Erika: Yeah his plan basically was to kill as many Black people as possible. I mean, that's, what's come about, as we know about him dropping his manifesto online somehow, or sometime before the shooting, but basically he had scoped out the store, to the point of actually going there and actually walking or trying to walk the aisles. He basically just wanted to shoot as many people as possible have picked that specific location because it had one of the highest concentrations of Black people closest to his house in rural New York. And so he basically tried to execute his plan.

Gustavo: And what was motivating him?

Erika: Well, he's a racist. I mean, that's the thing that's become clear. The FBI and, and authorities in general are investigating him. And this crime is a hate crime of extremism. But, you know, from his manifesto, from other things, it's clear that he believes in this idea of the great //replacement theory, which is this idea that people of color, Black people, immigrants, Jews are replacing // native, born white Americans.

Gustavo: So what does this idea, not even if it's just not the name, great replacement, but the idea that colored people are trying to take over white lands, where does that come from?

Erika: Well, there's many different roots in history. I mean, I think a lot of it comes from, you know, World War II and this idea of Jewish people replacing people of color. I mean, obviously there's antisemitism, that's tied into this. But in California, as you know, and as a lot of Californians know, in the '90s, that was the story here, right? It was Mexican immigrants that are replacing white people, that are taking up all the resources, are going to change the culture of American culture and for the worse and suck up all the resources, all of those things. 

Gustavo: But I'm also thinking like, even during the days of slavery, like white folks always had it either in the back of their mind or the front of mind. "Oh, we, we gotta be careful. We gotta be careful. All these people are going to take us over one day."

Erika: It's a theory that's been recycled throughout history, usually white people against people of color--and definitely that was the case during slavery.This idea of controlling the Black population, so whether it's everything all the way up until interracial marriage, but this idea of // having too many Black people to overwhelm white people, whether it's in the voting box that we saw of the struggle for voting rights, whether it's interracial marriage, just slavery in general, the idea of replacement theory has gone back for, for years and decades and centuries.

Gustavo: And Jean you've written a lot about this, especially, you know, through decades, through clampdowns in immigration from Asia and Latin America and Eastern and Southern Europe, through the eugenics movement. And Erika mentioned earlier, there's always been haters, but in the 1990s in California, Jean, when you and I were teens, the Republican party took this whole idea of quote "invasion" into a completely new era.

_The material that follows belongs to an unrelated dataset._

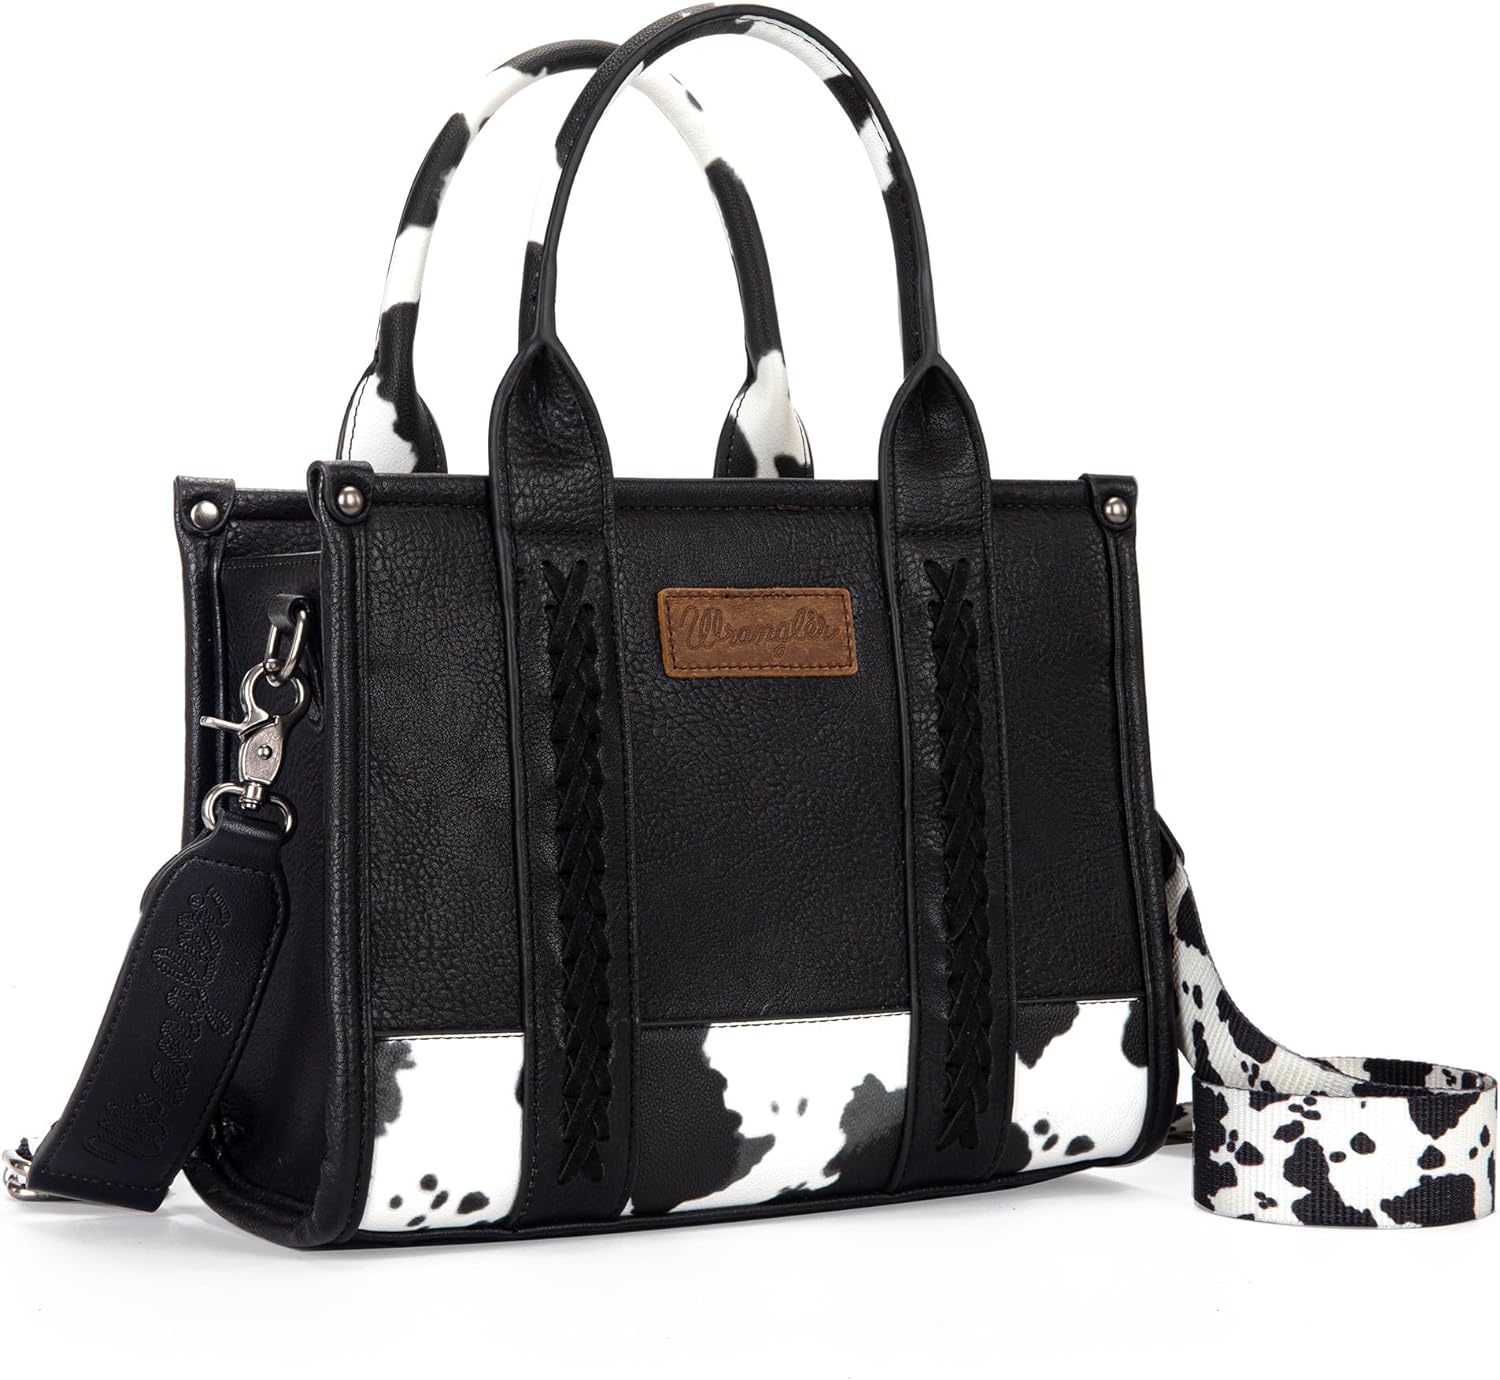 Wrangler Tote Handbag for Women Cow Print Purse Top Handle Handbags

Jean: Exactly. I mean, and it kind of started with this book called "The Camp of the Saints" from the white supremacist, Jean Raspail, which was a 1973 French white supremacist dystopian novel that was translated to English and spread this idea of great replacement across the United States.  It's this terrible book that depicts brown refugees as animals and as monsters whose arrival is going to ensure the destruction of white people. And that book greatly influenced people like Stephen Miller, who is Trump's senior advisor and speech writer.

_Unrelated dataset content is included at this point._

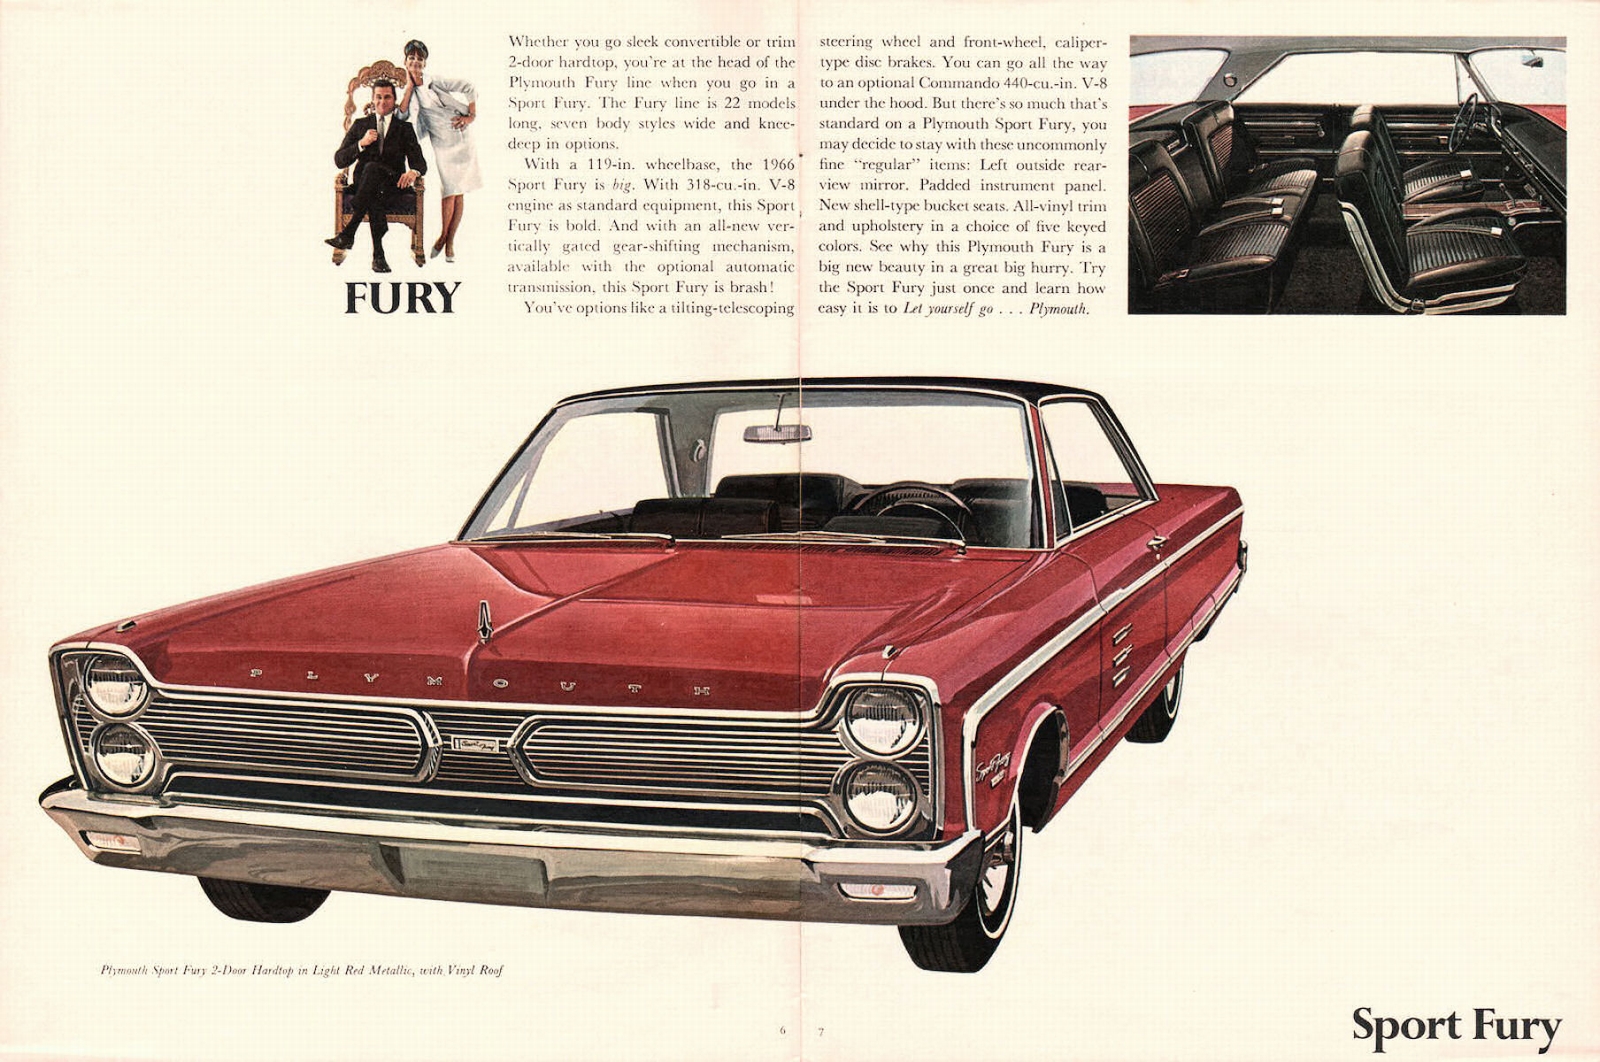 1966 Plymouth Full Line Brochure

tape: There is no constitutional right for a citizen in a foreign country, who has no status in America, to demand entry into our country.

Jean: He pedaled those ideas through Breitbart, especially during the Trump campaign.

tape: Such a right, cannot exist, such a right will never exist. This is an ideological disagreement between those who believe we should have borders and should have controls. And those who believe there should be no borders and no controls.

Jean: He really helped to re-mainstream these ideas that had been really //dormant for many decades in the United States, after the eugenics era.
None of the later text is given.